Hence the need for fixing. Down there in the deep well of rut-ness, a few found true solace and contentment, but in Asach’s experience most found a deep well of resentment, and spent a good part of every waking day trying to affix this resentment on some blameworthy party.

Which was tough news for Asach, now fixed to a purpose, which the unfixed smelled like hot blood at a fresh kill. Asach the finally-motivated, the living contradiction of rut-ness, the past practitioner of constant movement, the perfect focus for veritable wellsprings of hostility. Asach, bearer of the unforgivable flaw: Asach, the different.
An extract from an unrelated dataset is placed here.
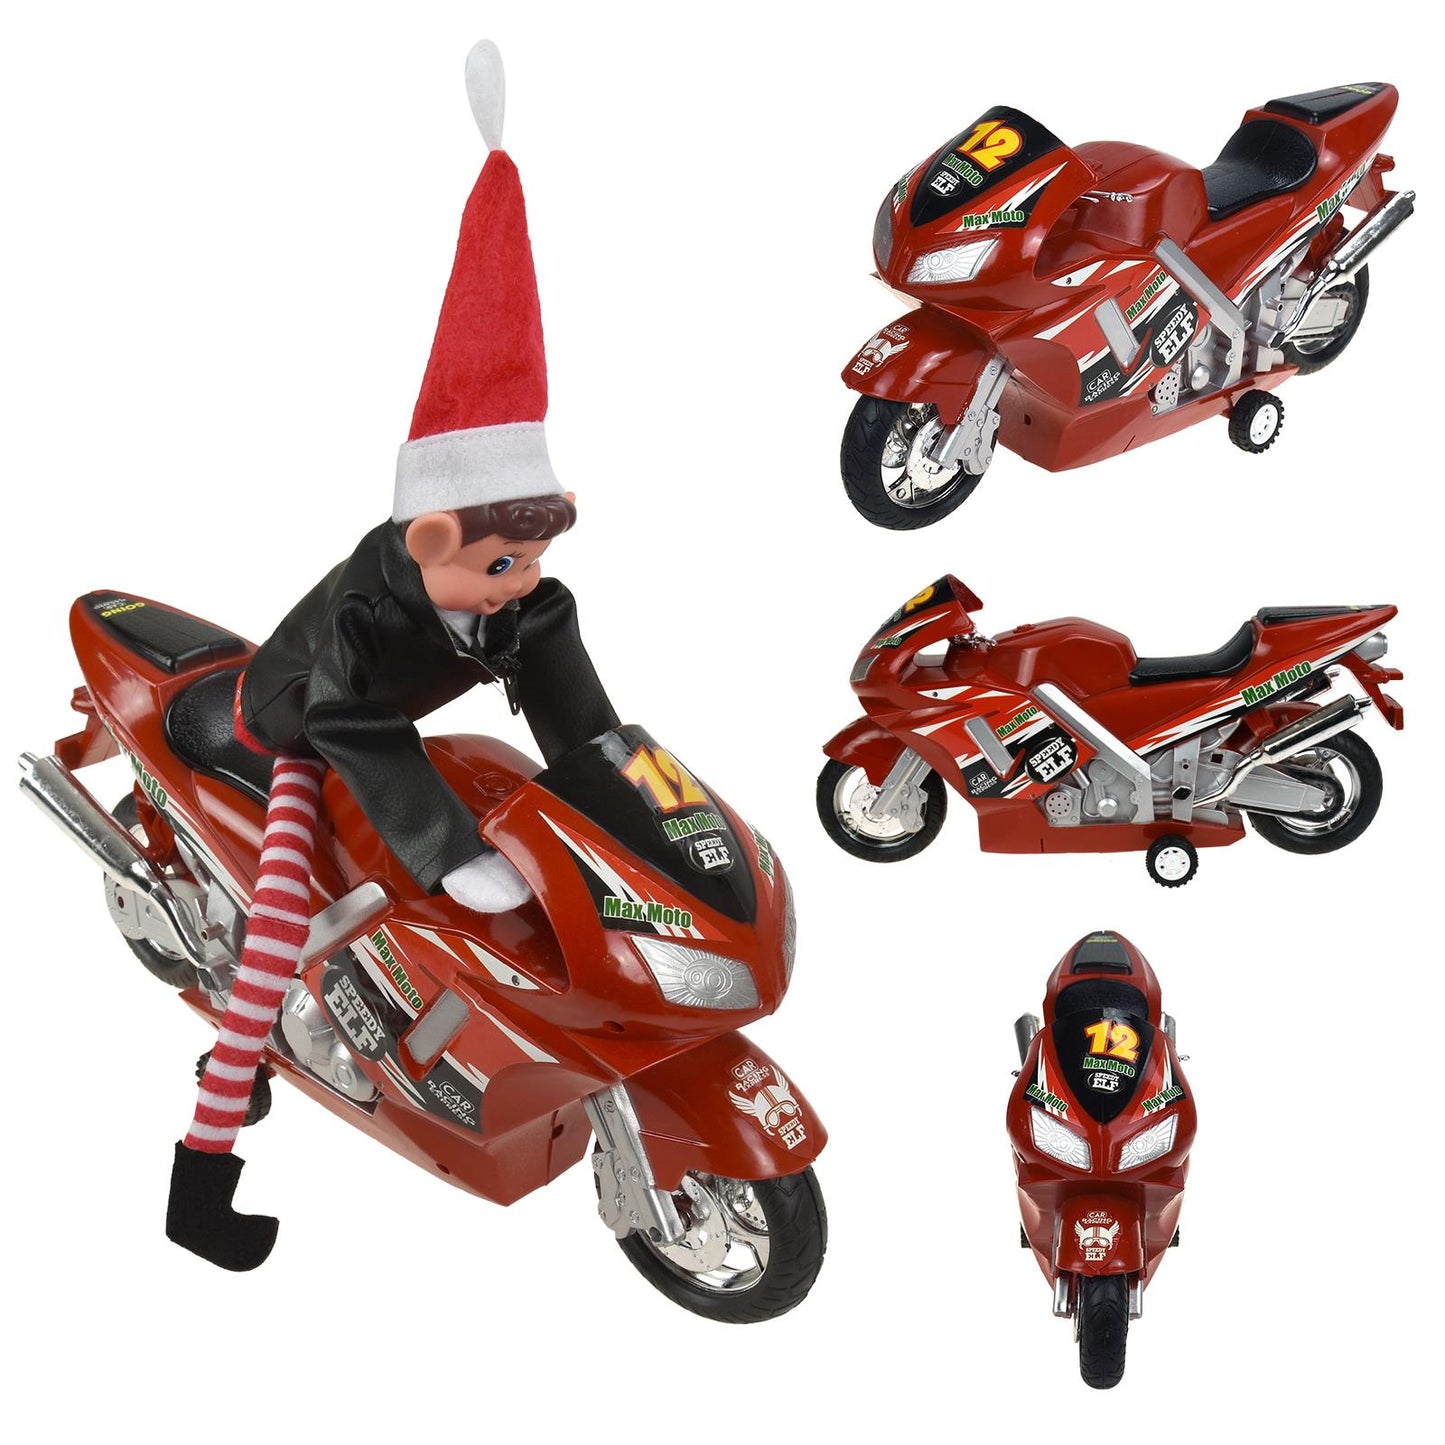 Add Some Quirky Charm with Elf Motorbike Selection Ornament

Asach underlined different.

And yet, somehow, to Asach they trooped (and always had done) for fixing—hence the decades-long stream of reportage. At this juncture, some days Asach simply wanted to stand up and scream: go see for yourself! Open your eyes, open your ears, open your petrified, suburbanized, rut-encrusted brains and for once in your predictable life, think! But knowing better: knowing the sheltered [fill in class name here] class’s insatiable thirst for talking to itself about other people, out there, unseen beyond the rut, Asach, hermeneutic chronicler extraordinaire, donning keyboard and point-of-view, would set out once again to explain.
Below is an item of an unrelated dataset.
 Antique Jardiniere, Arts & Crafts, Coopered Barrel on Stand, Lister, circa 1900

Yes, the food is different here. No, those people over there are not criminals. They are just poor. In this [village, town, city, country, planet] those are not the same thing. Ad nauseum. A lot of the explaining was more prosaic, having to do with enabling a warehouse operations chief to talk to an ITA implementation team, but it all boiled down to the same thing: amazing but true, other people do not live in your rut! They live in a different rut!

The explanation went that this made them actually different. But in Asach’s mind, the opposite was the case: they were all exactly—exactly—the same. Hide-bound, parochial, inexperienced, defensive, and, generally speaking, hostile, although they papered that over with varying degrees of hubris. In need of fixing.

It was late evening. The soft air and crickets recalled so many other evenings, filled with crickets, or peepers, or cicadas, or all three. A lot had changed in Makassar over thirty-five years. A lot more might have changed—and not for the better—if the ITA hadn’t originally dumped the Prince Samual’s World exiles into the most god-awful, pestilential armpit of the continent. Thankfully, MacKinnie’s successors were still fully occupied with re-creating Church, State, and the Silk Road among the winter-frozen peasantry scattered from Jikar to Batav. Which had the added benefit of occupying the jihadis allied against them, and leaving the warm, gracious, civilized realms of the Bungar delta to the (thankfully largely absentee) colonials and Tambar traders. The local wealth generated by all the movement of exotic woods, and spices, and coffee made life here quite comfortable indeed. And yet.

Asach underlined: fixing, and reassessed. So far, Pie, Coffee, People, Different, Fixing. Asach decided, personally, to head into the kitchen, fix some pie and coffee, and give up on this book thing. It just seemed safer that way. Asach was, generally speaking, profoundly tired of being different. It was probably a fair trade for the heaven-sent experience of knowing fifty-seven different ways to explain coffee, but right about now a little rut would be nice. Just a different rut. Somebody else’s rut. A rut that didn’t require so much fixing.